After and internal discussion with Sunny Bains, I think I understand the concern better.  Let's assume that a redo log is so large that it contains redo entries for all 512 Space IDs of an undo tablespace that is being truncated too often. In other words, even though each truncate removes old pages from the buffer pool and flushes newly created pages, it does not actually cause a checkpoint for each truncation like it did in 5.7.  So the redo log can possibly contain records for more than 512 space IDs.

There is a worklog tested and pushed to the 8.0.21 release branch that fixes this highly unlikely possibility. 

As part of WL#11819, we keep a count of the number of truncations that have happened between checkpoints. So if there is more than (512 / 8) truncations between checkpoints, then no more truncations can happen on that undo space until the next checkpoint happens.

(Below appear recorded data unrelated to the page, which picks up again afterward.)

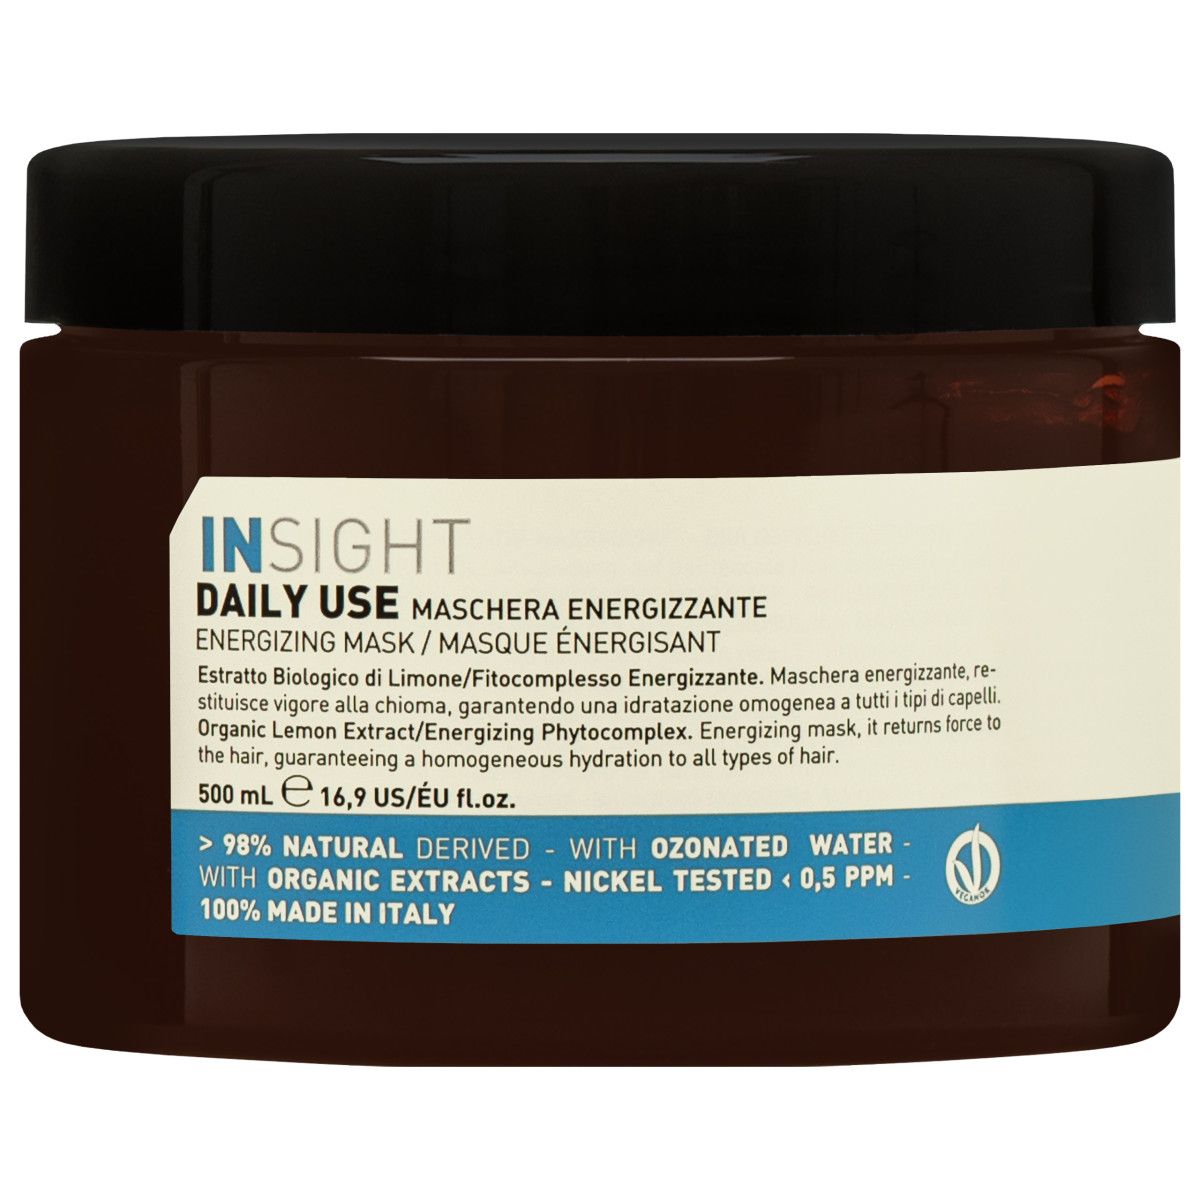 Insight Daily Use Mask - maska do codziennej pielęgnacji włosów, 500ml.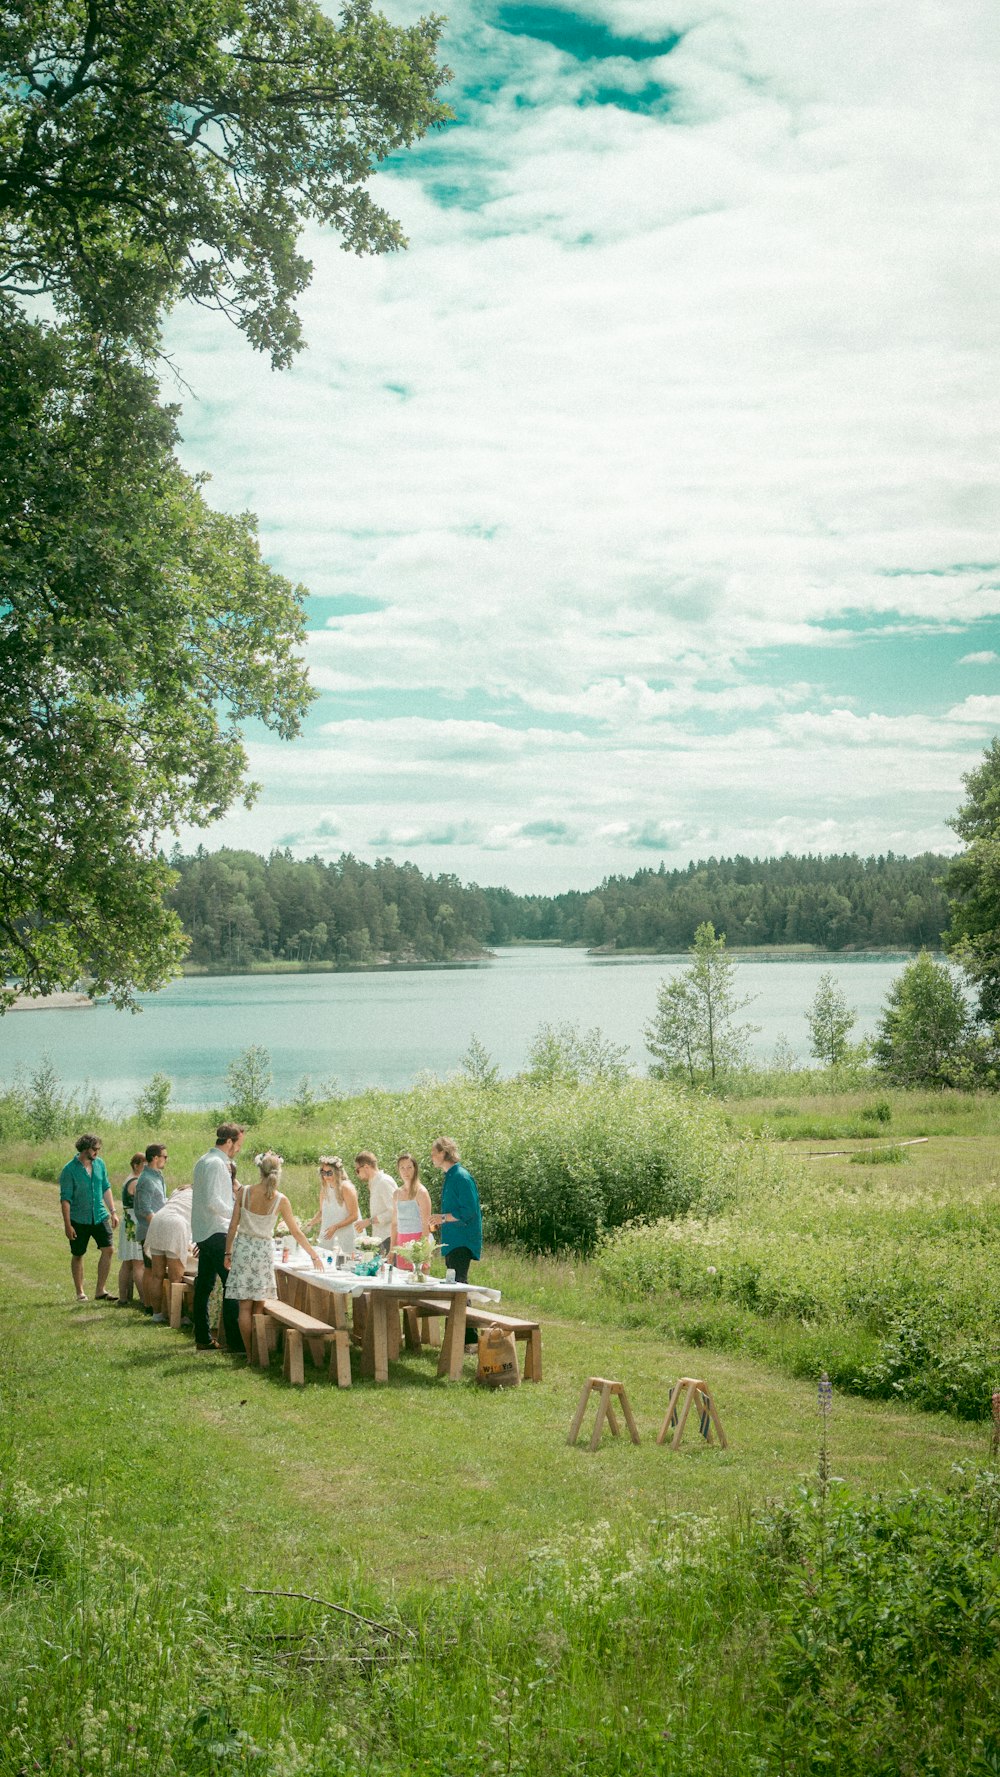 Menschen, die tagsüber auf einer braunen Holzbank in der Nähe des Sees sitzen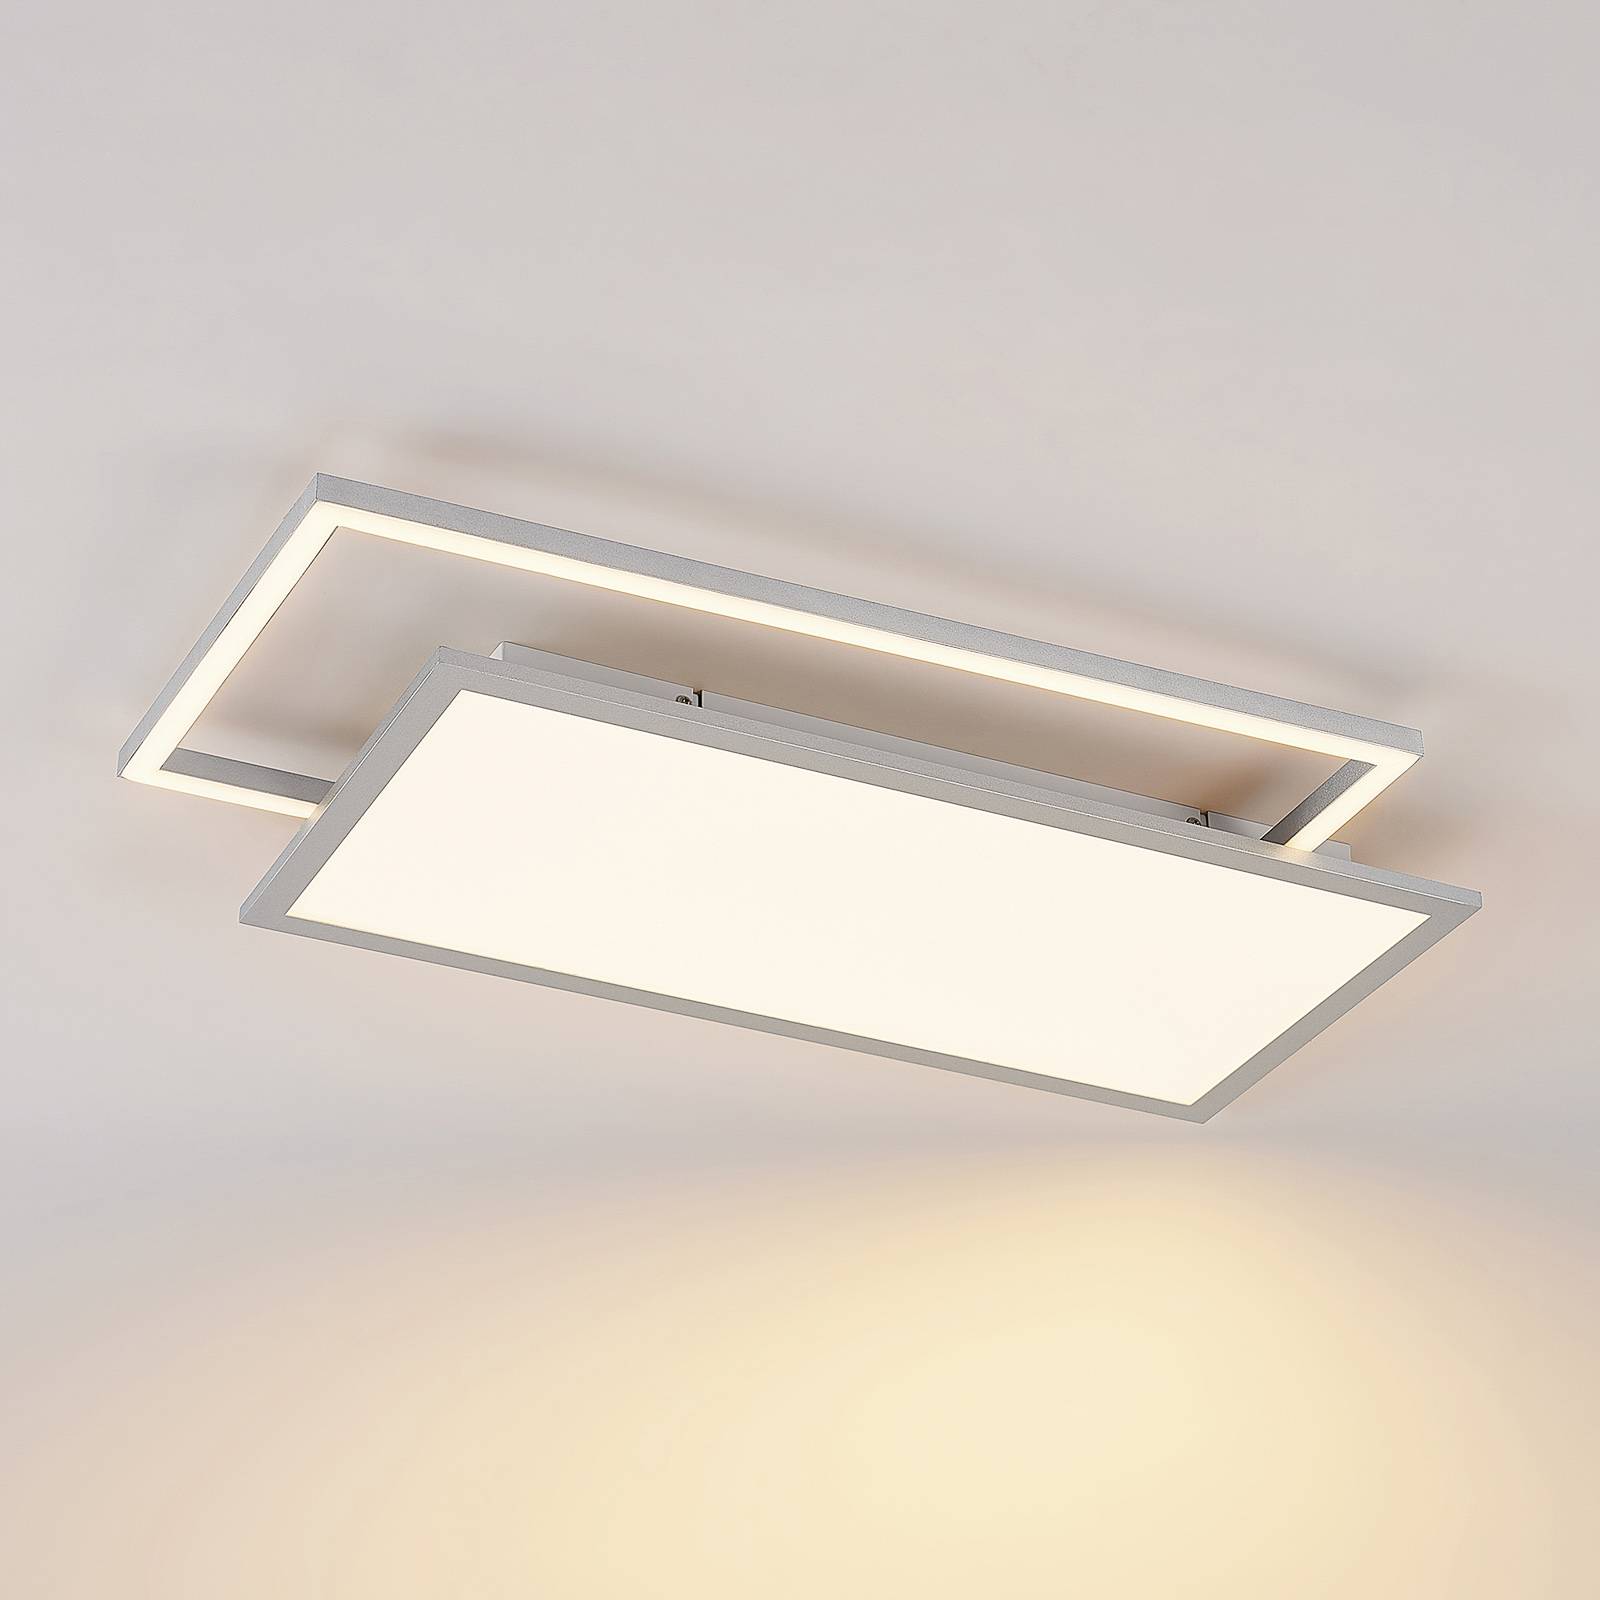 Lucande LED Deckenleuchte 'Senan' Deckenlampe Metall Modern dimmbar 'Senan'

Kevin, thanks for the clarification! This explains why I could not reproduce :)

thanks
Bogdan

How comes a theoretically confirmed problem, fixed in some internal bug report or in frames of some worklog is not a duplicate, but "Not a Bug"? It is a bug in all currently released versions of 8.0. up to 8.0.20. Please, set proper status and document this until the fix is released.

Hi Val,

Thanks, you are right.

Fixed in 8.0.21